De l’Homme/Section 7/Chapitre 9

SECTION VII
Œuvres complètes d’Helvétius, De l’HommeP. Didottome 10 (p. 181-186).
Chap. I.  ►


CHAPITRE IX.

Examen de cette question.

Un homme établit des lois nouvelles dans un empire, ou en qualité de magistrat commis par le peuple pour corriger l’ancienne législation, ou en qualité de vainqueur, c’est-à-dire à titre de conquête. Telles ont été les diverses positions où se sont trouvés Solon, d’une part, Alexandre ou Tamerlan, de l’autre.

Dans la premiere, le magistrat, comme s’en plaignoit Solon, est forcé de se conformer aux mœurs et aux goûts de ceux qui l’emploient. Ils ne lui demandent point une excellente législation ; elle seroit trop discordante avec leurs mœurs : ils desirent simplement la correction de quelques abus introduits dans le gouvernement actuel. Le magistrat, en conséquence, ne peut donner d’essor à son génie ; il n’embrasse point un grand plan, et ne propose point l’établissement d’un gouvernement parfait.

Dans la seconde de ces positions, que se propose d’abord le conquérant ? D’affermir son autorité sur des nations appauvries, dévastées par la guerre, et encore irritées de leur défaite. S’il leur impose quelques unes des lois de son pays, c’est en adoptant une partie des leurs. Peu lui importent les malheurs résultants d’un mélange de lois souvent contradictoires entre elles.

Ce n’est point au moment de la conquête que le vainqueur conçoit le vaste projet d’une parfaite législation. Possesseur encore incertain d’une couronne nouvelle, l’unique chose qu’il exige alors de ces nouveaux sujets, c’est leur soumission. Est-ce du char de la victoire et du trône du despotisme qu’il peut leur donner des lois utiles ? Enivré de ses succès, qu’importe au conquérant la félicité de ses esclaves ?

Quant au magistrat chargé par une république de la réforme de ses lois, il a communément trop d’intérêts divers à ménager, trop d’opinions différentes à concilier, pour pouvoir en ce genre rien faire de grand et de simple. C’est uniquement au fondateur d’une colonie, qui commande à des hommes encore sans préjugés et sans habitudes, qu’il appartient de résoudre le problème d’une excellente législation.

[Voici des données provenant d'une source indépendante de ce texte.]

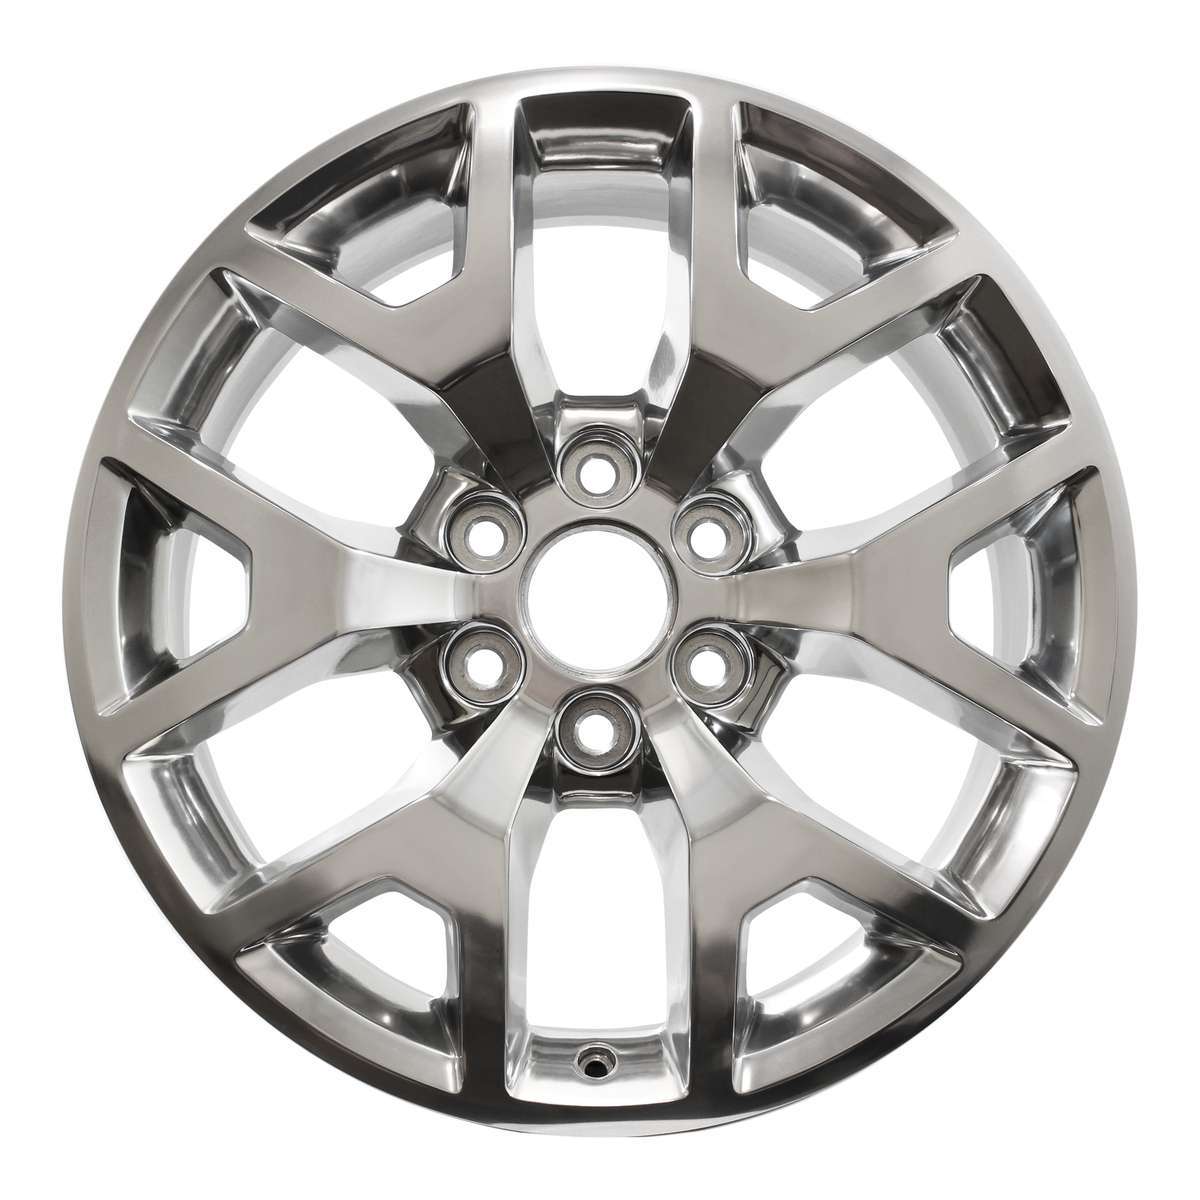 2021 GMC Yukon XL 20" OEM Wheel Rim W5698P

Rien dans cette position n’arrête la marche de son génie, ne s’oppose à l’établissement des lois les plus sages : leur perfection n’a d’autres bornes que les bornes mêmes de son esprit.

Mais, quant à l’objet qu’elles se proposent, pourquoi les lois monastiques sont-elles les moins imparfaites ? C’est que le fondateur d’un ordre religieux est dans la position du fondateur d’une colonie. Un Ignace, en traçant dans le silence et la retraite le plan de sa regle, n’a point encore à ménager les goûts et les opinions de ses sujets futures. Sa regle faite, son ordre approuvé, il est entouré de novices d’autant plus soumis à cette relgle, qu’ils l’ont volontairement embrassée, et qu’ils ont par conséquent approuvé les moyens par lesquels ils sont contraints à l’observer. Faut-il donc s’étonner si, dans leur genre, de telles législations sont plus parfaites que celles d’aucune nation ?

De toutes les études, celle des diverses constitutions monastiques est peut-être une des plus curieuses et des plus instructives pour des magistrats, des philosophes, et généralement pour tous les hommes d’état. Ce sont des expériences en petit, qui, révélant les causes secretes de la grandeur et de la puissance des différents ordres religieux, prouvent, comme je me suis proposé de le démontrer, que ce n’est ni de la religion, ni de ce qu’on appelle la morale (à-peu-près la même chez tous les peuples et tous les moines), mais de la législation seule, que dépendent les vices, les vertus, la puissance et la félicité des nations.

Les lois sont l’ame des empires. Jusqu’où l’excellence de la législation peut-elle porter le bonheur des citoyens[1] ? Il faut, pour résoudre cette question, savoir d’abord en quoi consiste le bonheur de l’individu.


  1. Entre les différents ordres religieux, ceux dont le gouvernement approche le plus de la forme républicaine sont en général ceux dont les mœurs sont les meilleures, et la morale la moins erronée. Tels sont les doctrinaires et les oratoriens.